I first wrote about Stable Diffusion last August, shortly after its initial public release, when Stability AI transformed LLM-based image generation from a black-box gimmick behind a paywall into something that could be used and built on by anyone with a Github account. In the intervening year, that’s exactly what’s happened.

Even at the outset, Stable Diffusion gave budding synthographers a wealth of tools not available for DALL-E 2 or Midjourney. Being able to control settings like randomness seeds, samplers, step counts, resolution and CFG scale, plus seemingly endless possibilities of both the text and image prompts were, it appeared, a recipe for creating just about anything. By altering text for the same seed, or running multiple iterations of img2img, the synthographer could gradually nudge an image with potential until it matched their vision. But it didn’t stop there. Updates and innovations have come so thick and fast that my every previous attempt at writing this post (for over a year) was undermined by some new advance or technique that demanded inclusion.

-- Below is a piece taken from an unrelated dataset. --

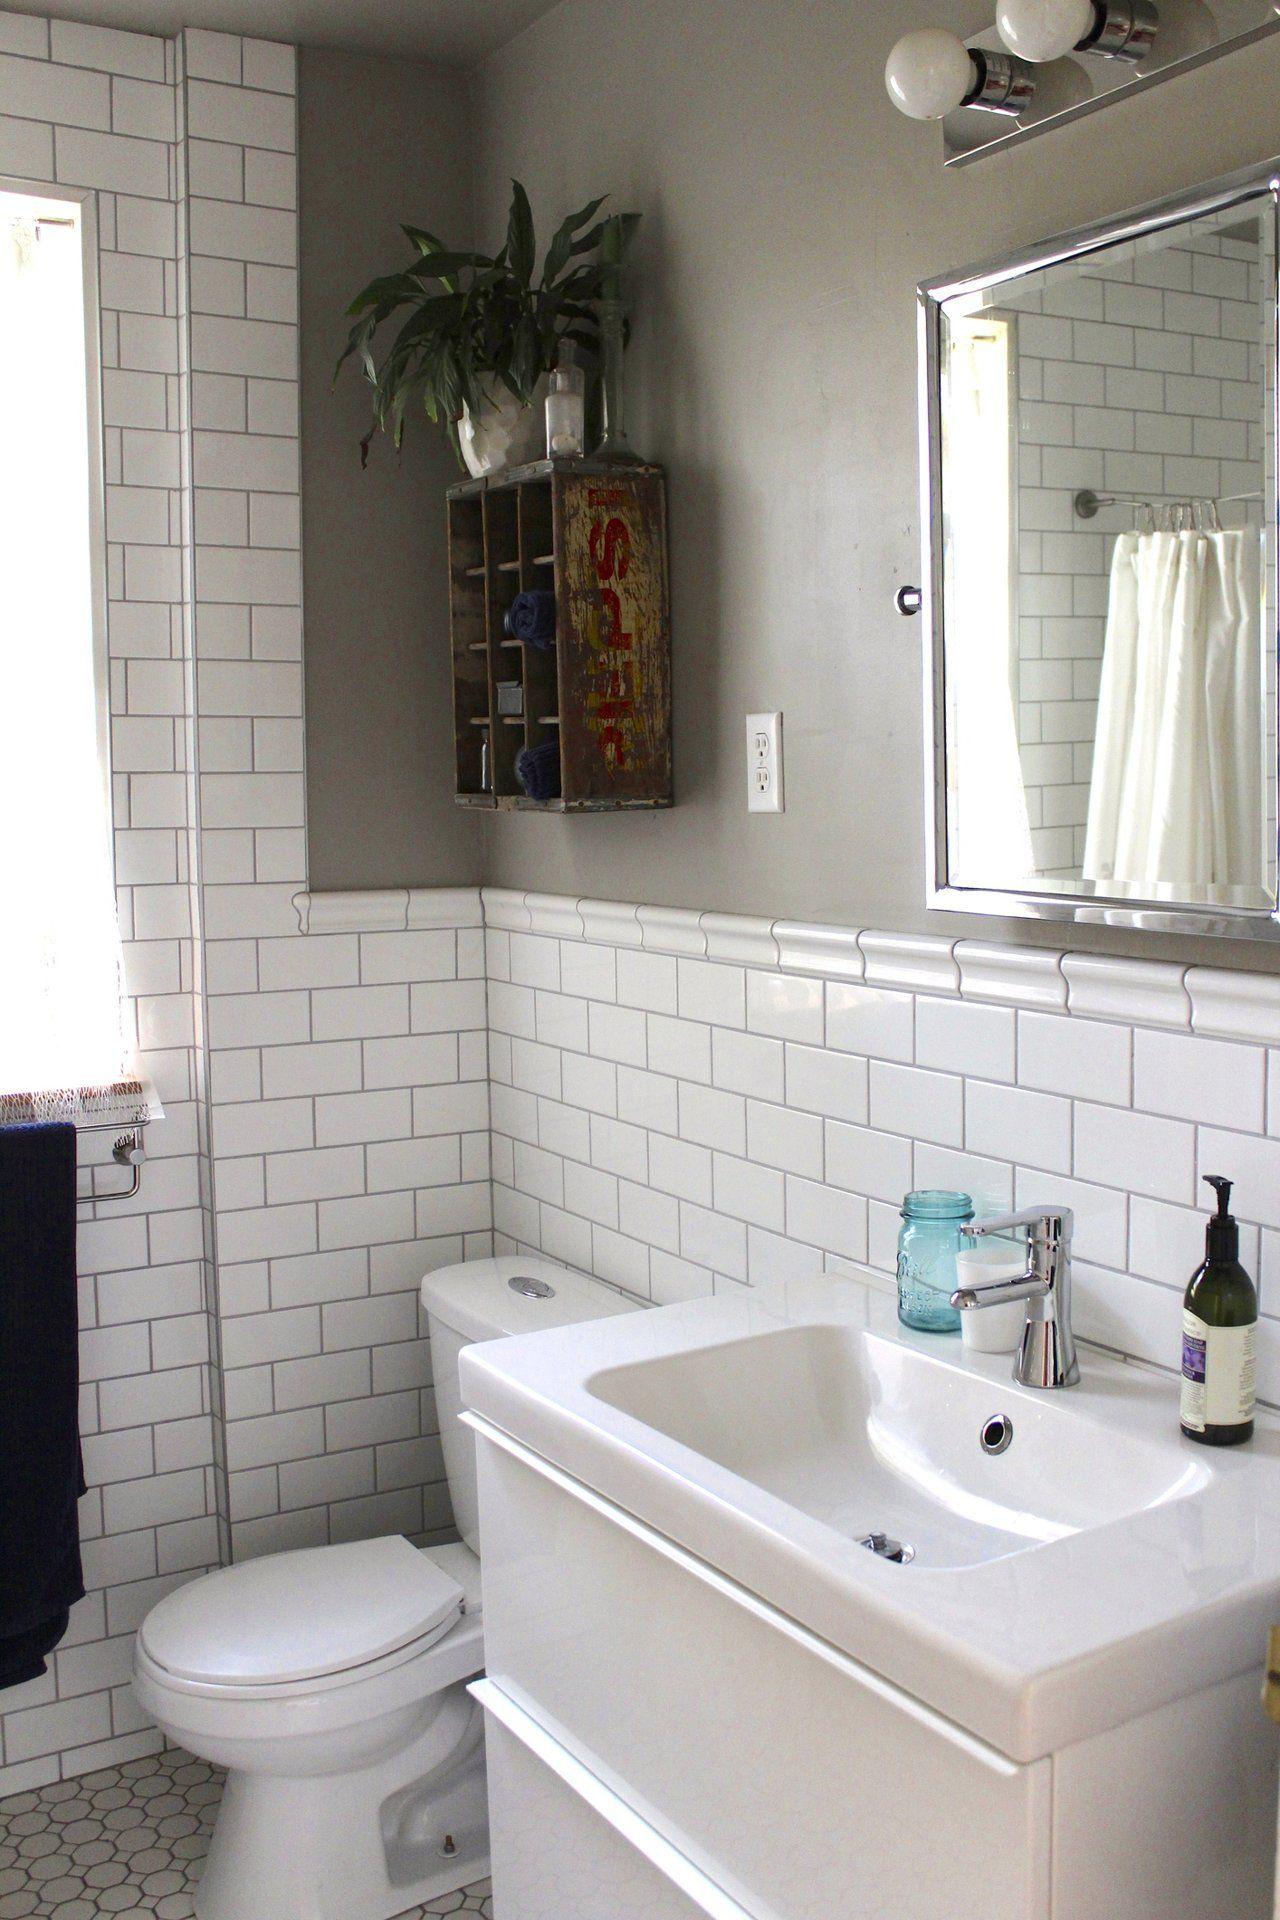 Heather & Eric\'s Cozy Victoria Cottage | Cozy, Sinks and Crates

I won’t pretend to be comprehensive here, but I’ll try to cover major advances and useful techniques pioneered over the last year below. We’ll look at three aspects of image generation: text prompting, models, and image prompting.

# Text prompting

The first new thing that got big after my last post was the negative prompt, i.e. an additional prompt specifying what should not be in the image. For example, if you got an image of a person with hat, you could regenerate it with the same seed and the word “hat” in the negative prompt to get a similar image without the hat.¹

There were also innovations in prompting itself, beyond the mere tweaking of words. SD has always weighted words at the start of a prompt more than words at the end, but the AUTOMATIC1111 webui implemented an additional way to control emphasis – words surrounded by () would be weighted more and words with [] weighted less. Add additional brackets to amplify the effect, or control it more precisely with syntax like this: (emphasised:1.5), (de-emphasised:0.5).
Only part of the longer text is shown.